I'm overwhelmed and exhausted.
I'm overwhelmed by your amazing comments and notes of encouragement. Thank you! Keep them coming. It's very comforting to hear there are so many people out there who are on similar paths. (My mother said that I inspired her to continue on her quest for an exercise regime she enjoys. Yay Mom!)
I'm exhausted because I've been on set all week (long days) and the holidays are here (I haven't done ANY shopping) and I had out of town guests (my amazing cousin Amy) so... I meant to post Wednesday...but, it's Thursday.
Procrastination -- one of the things that separates writers from athletes. I just can't picture Lance Armstrong saying, "I was supposed to ride 100 miles today...but, I think I'll just do it tomorrow." Speaking of Lance Armstrong...

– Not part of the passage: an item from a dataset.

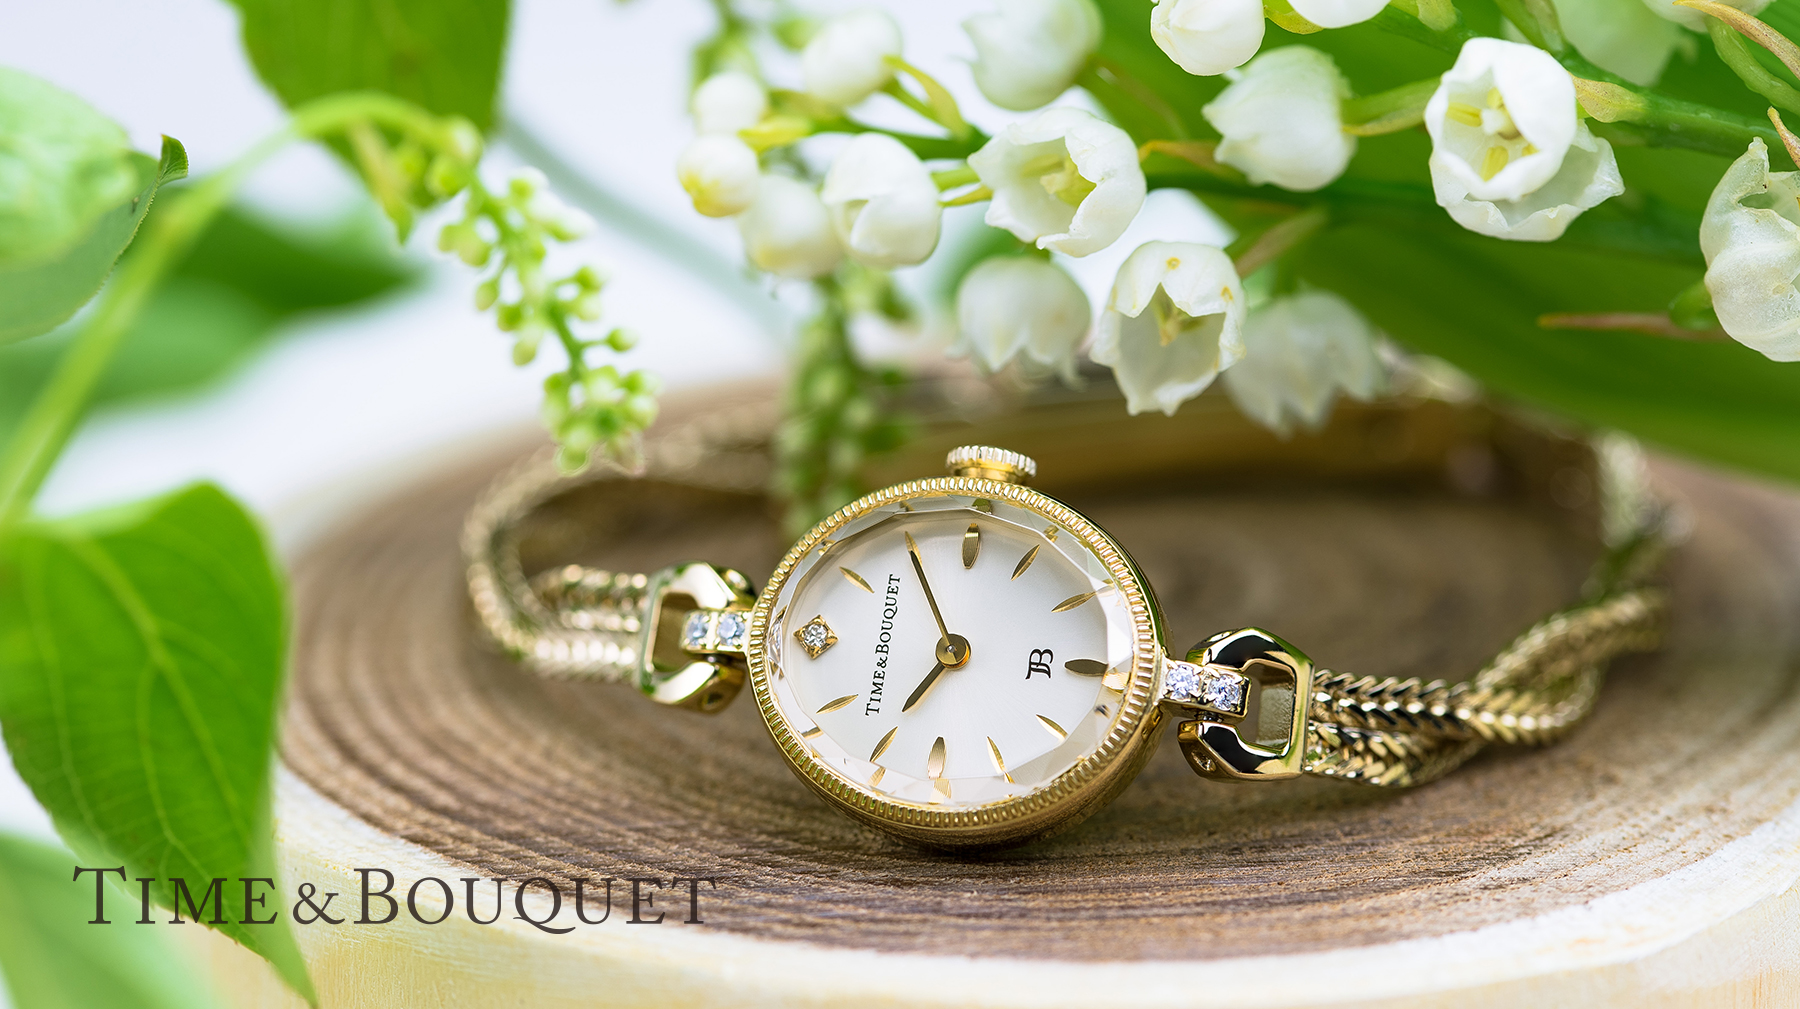 Time&Bouquet
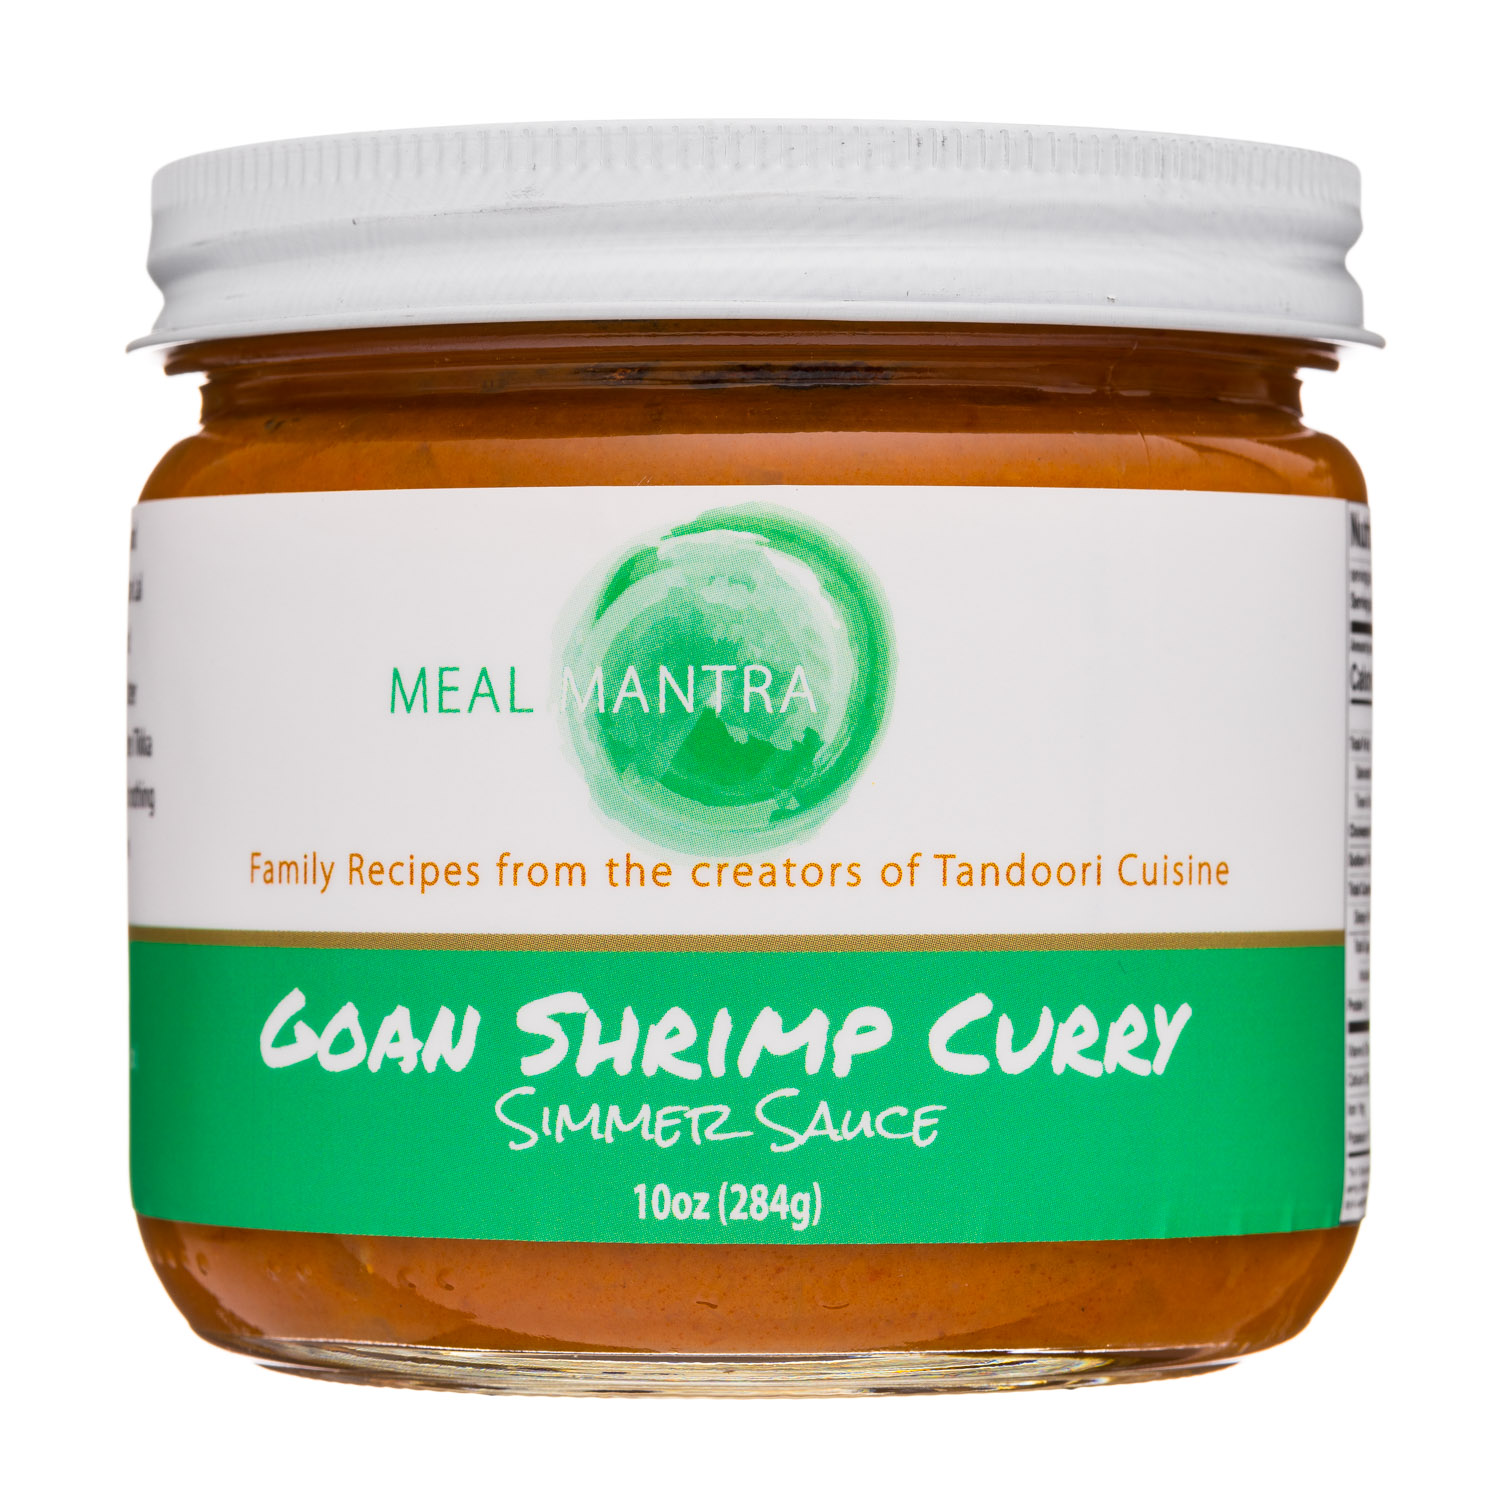 Goan Shrimp Curry Simmer Sauce

My fiance is buying me a bicycle for Christmas. He believes that I could enjoy the sport if I had a properly fitting bike. Apparently, my current bike is too big. This is what he tells me. I don't know the difference. Whenever I get onto my bike, I look completely terrified. He says the look of horror is not what is supposed to happen. I attribute it to falling down a lot and having a huge gut that gets in the way when I try to ride. HE attributes my fear to an ill-fitting bicycle and believes if it fit properly and I would enjoy riding with him.
I am skeptical. Because, well, my belly fat makes riding sound uncomfortable. It's shrinking slowly -- but, I can't imagine when it will be shrunk enough to make biking feel fun. He assures me there are many people with guts who enjoy biking, so I should just try it. Okay. Why not? I love. I trust him and I'm really curious about why he loves biking so much. So, we're going to go shopping for a bicycle that fits me.